### Data
= Beginning of Section =

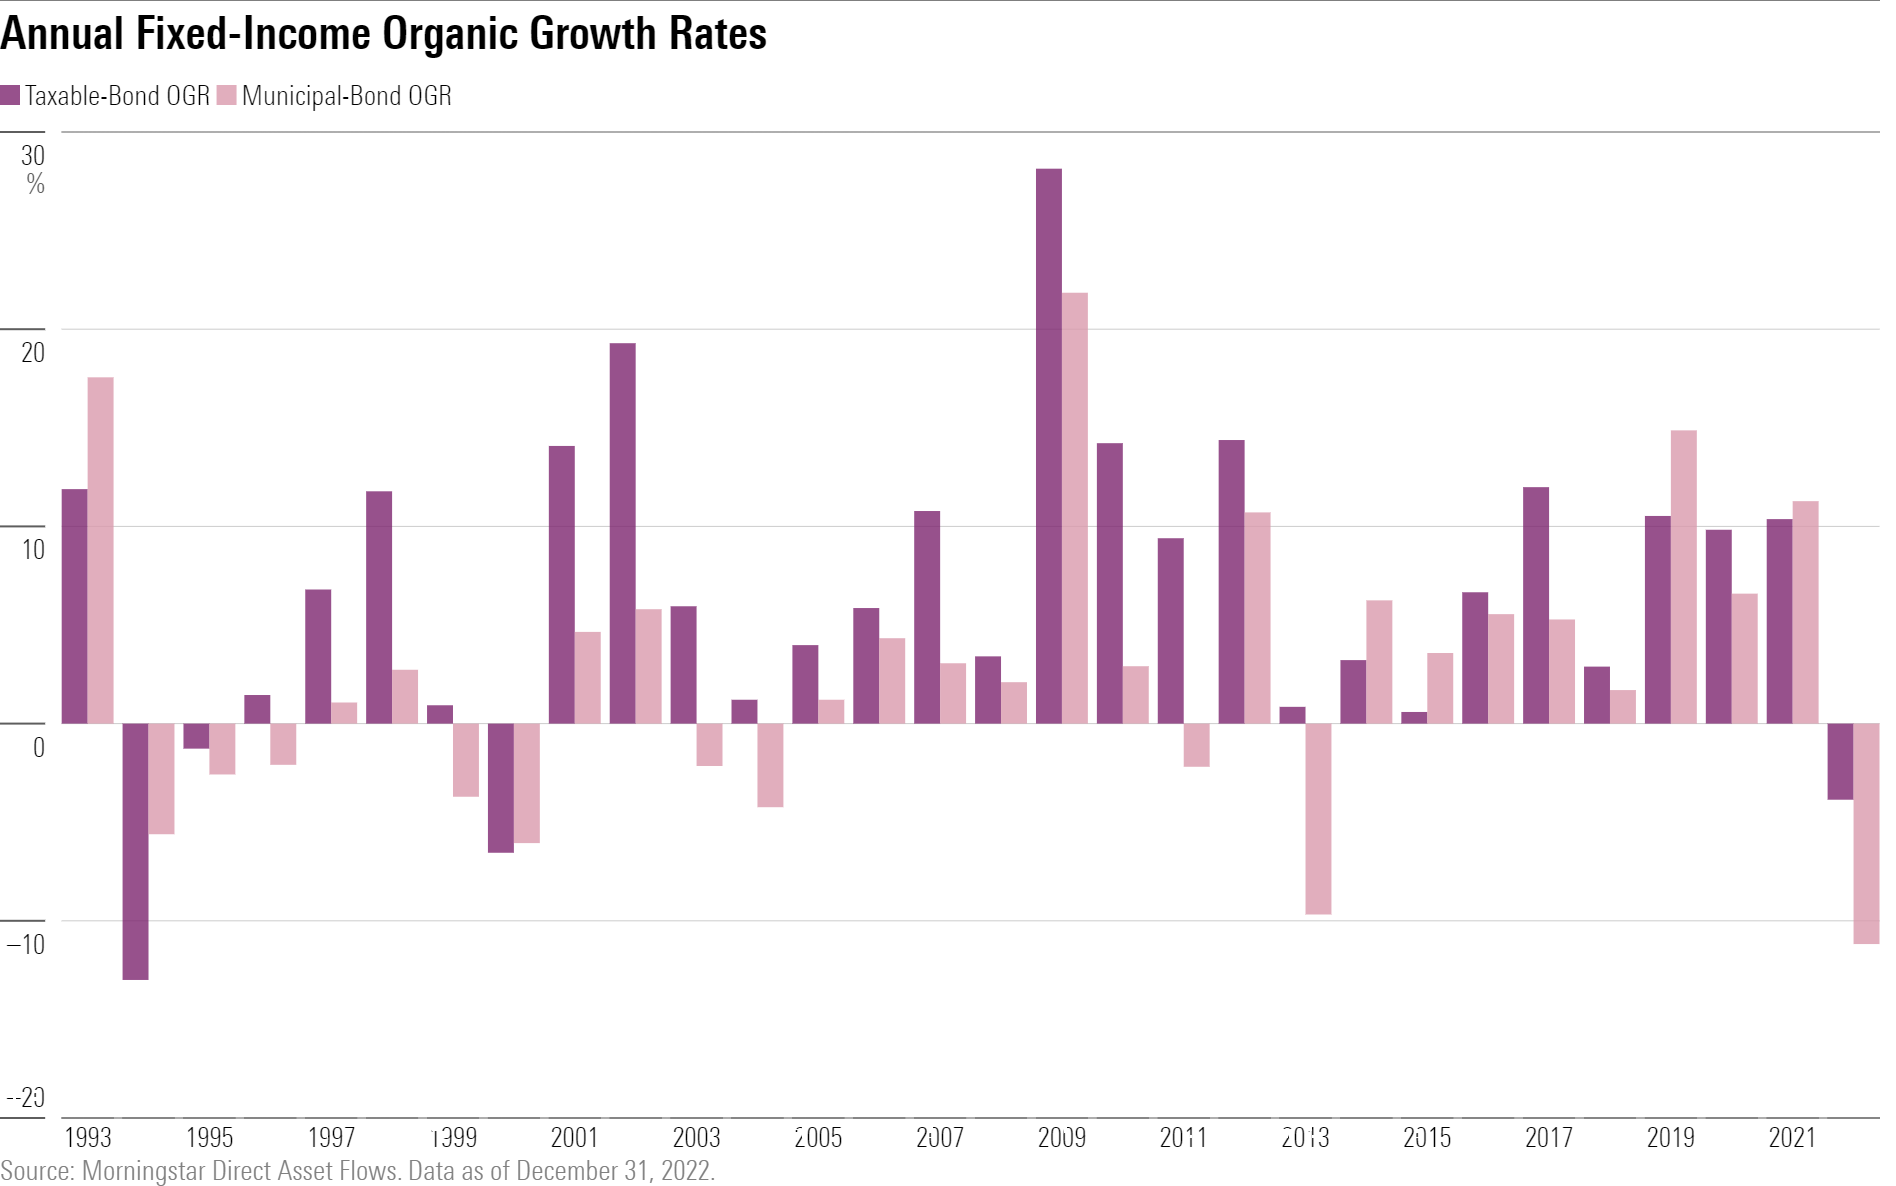 The bar chart shows historical annual Organic Growth Rates in fixed-income strategies, separated by Taxable and Municipal strategies.
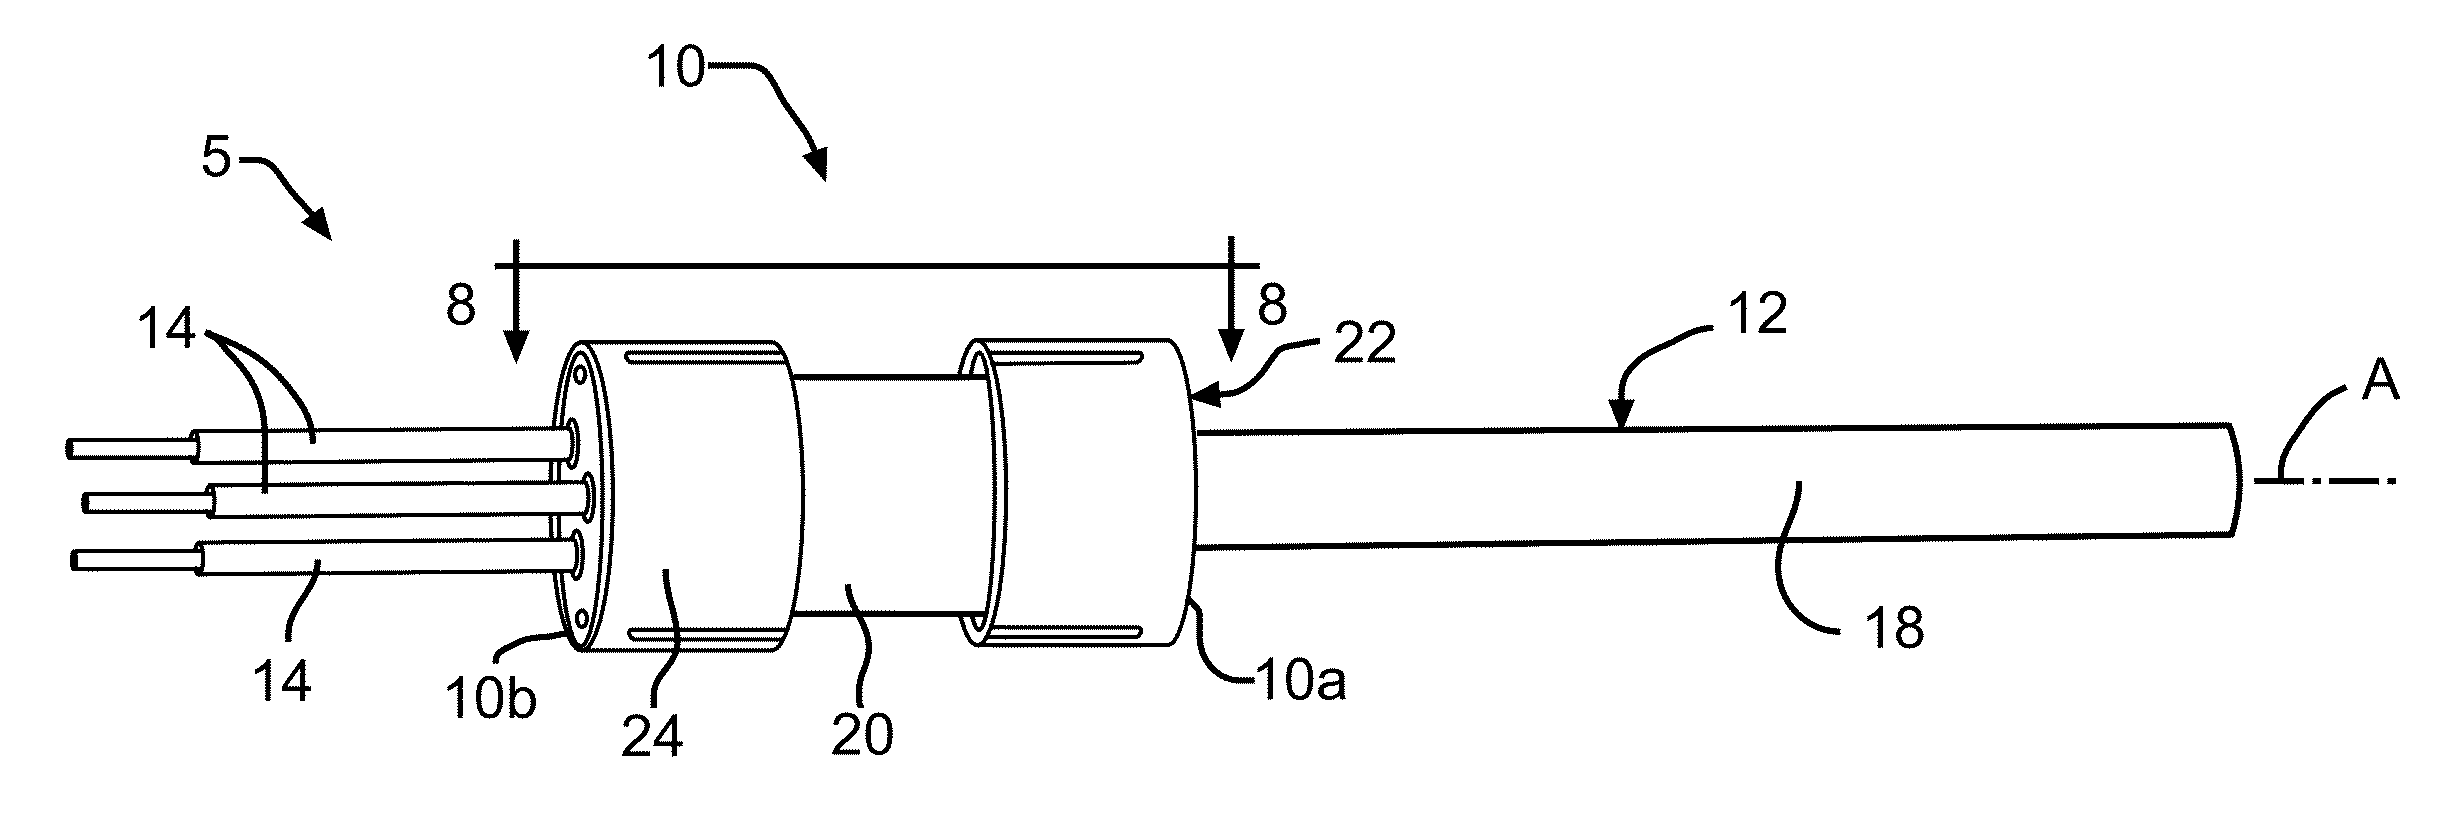 Electromagnetic Shield Termination Device
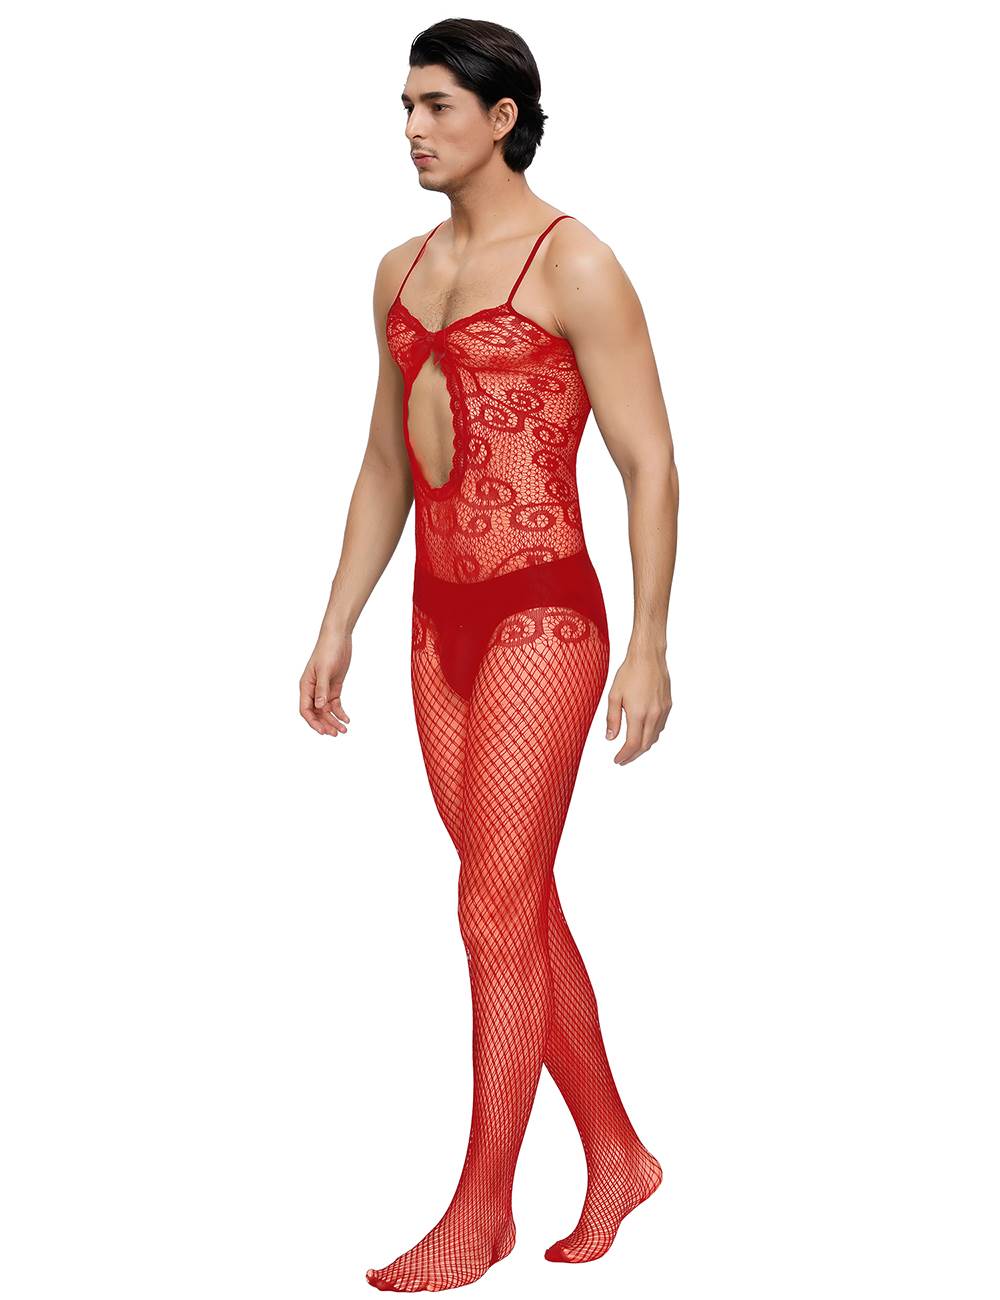 Scandals Swirl Cut Out Bodystocking

= End of Section =

### Task to complete
Would you restate word for word only the lines from the line with "Electromagnetic Shield Termination Device" to the last line above, with the pictures left out?

### Completed exercise
 Electromagnetic Shield Termination Device
 Scandals Swirl Cut Out Bodystocking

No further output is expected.